Junkyard Find: 1948 Dodge Custom Sedan

For a few years after the end of World War II, Detroit's automakers sold mildly facelifted prewar designs while they made the switch back to peacetime production. Chrysler managed the feat for the 1949 model year; we admired a Plymouth Special Deluxe sedan from that year in a Colorado car graveyard last summer, and today we're going to take a look at an example of one of the last of the stopgap postwar Chrysler products: this '48 Dodge in a yard just south of Denver.

junkyard find 1948 dodge custom sedan

The 1946-1948 Dodges and Plymouths (and DeSotos) were mechanically nearly identical, but it was easy to tell them apart at a glance.

junkyard find 1948 dodge custom sedan

The Dodge of that period got this imposing slab of a rectangular grille and front fenders that extended into the front doors, while its cheaper Plymouth sibling got a more understated grille and shorter fenders.

junkyard find 1948 dodge custom sedan

The '48 Dodge looked old-fashioned in its day, and so I shot this photograph with an Ansco Memo camera (which was made to shoot then-cheap 35mm movie film) from the late 1920s.

junkyard find 1948 dodge custom sedan

Colorado Auto & Parts recently cleared out a remote storage yard, placing better than 100 vintage cars and trucks from the 1940s through the 1970s in the regular U-Pull-It inventory. That includes nearly two dozen 1964-1973 Ford Mustangs and Mercury Cougars, plus some fascinating European machinery. Look for more of this treasure trove in future articles from me.

junkyard find 1948 dodge custom sedan

It's nearly impossible to tell 1946, 1947 and 1948 Dodges apart, but the body number of this one says it's an early-model-year '48, built at the plant in Hamtramck, Michigan.

junkyard find 1948 dodge custom sedan

The 1948 Dodge came in two trim levels: DeLuxe and Custom. The metal trim around the windows says this is a Custom, the more upscale of the two.

junkyard find 1948 dodge custom sedan

The MSRP of a 1948 Dodge Custom four-door sedan was $1,788, or about $23,062 in 2023 dollars. Its Plymouth Special Deluxe counterpart started at just $1,529 ($19,722 after inflation).

junkyard find 1948 dodge custom sedan

This one has some pricey options, including an AM radio and a heater.

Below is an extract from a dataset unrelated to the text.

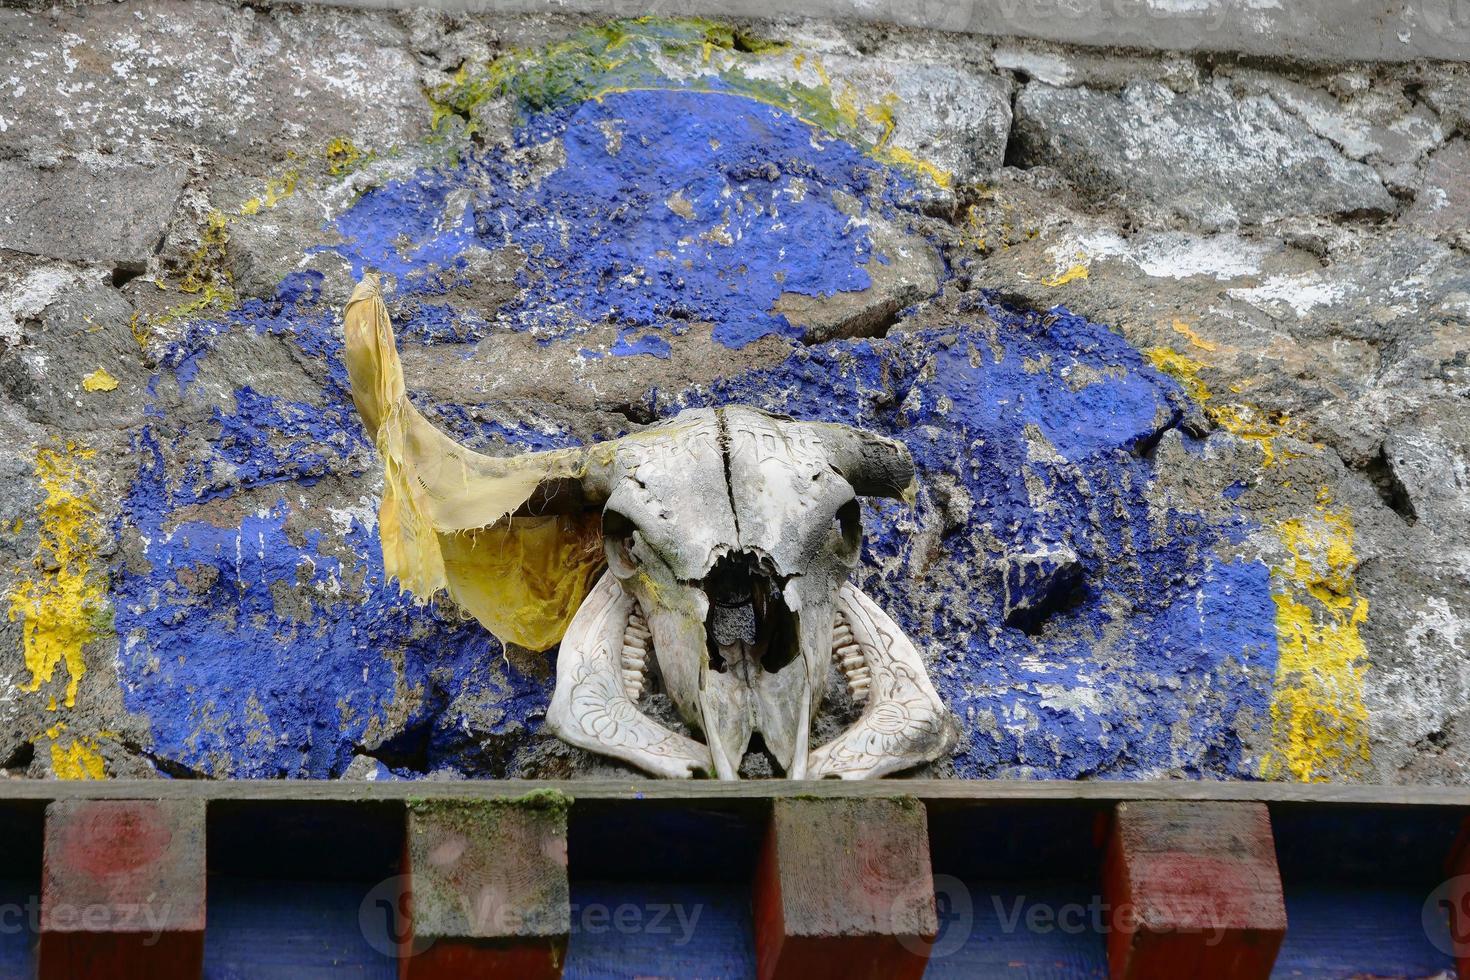 crânio de cabeça de animal em templo budista tibetano, laji shan qinghai china foto

Yes, heaters were considered frivolous luxuries by many buyers of affordable cars in the 1940s. Just wear warmer clothes for that drive across North Dakota in January!

junkyard find 1948 dodge custom sedan

Chrysler was still putting flathead engines in all of its North American-market cars and trucks in 1948. The overhead-valve Hemi V8 didn't show up until the 1951 model year (and didn't find its way into Dodge cars until 1954), and the overhead-valve Slant-6 didn't replace the flathead six in cars until the 1960 model year.

junkyard find 1948 dodge custom sedan

High-end Chrysler-badged models got straight-eight flatheads at this time, but 1948 Dodges got a 230-cubic-inch (3.8-liter) flathead six rated at 102 horsepower; the '48 Plymouths received the 217-cubic-inch (3.6-liter) version with 95 horses. This car's engine might be the original one, but swaps happened frequently with these cars.

junkyard find 1948 dodge custom sedan

Starting with the 1947 model year, Dodge cars got Chrysler's "Fluid Drive" transmission as standard equipment. This was a three-on-the-tree manual with a fluid coupling that required less use of the clutch pedal and fewer shifts. It wasn't an automatic, but it added a layer of idiot-proofing to the ordinary manual.

junkyard find 1948 dodge custom sedan

This car spent too many decades sitting outdoors to be worth restoring, especially given the relatively low value of immediate-postwar four-door sedans.

junkyard find 1948 dodge custom sedan

Some of its parts are in good enough condition to live on in other cars. I've already grabbed a few bits for my 1941 Plymouth project.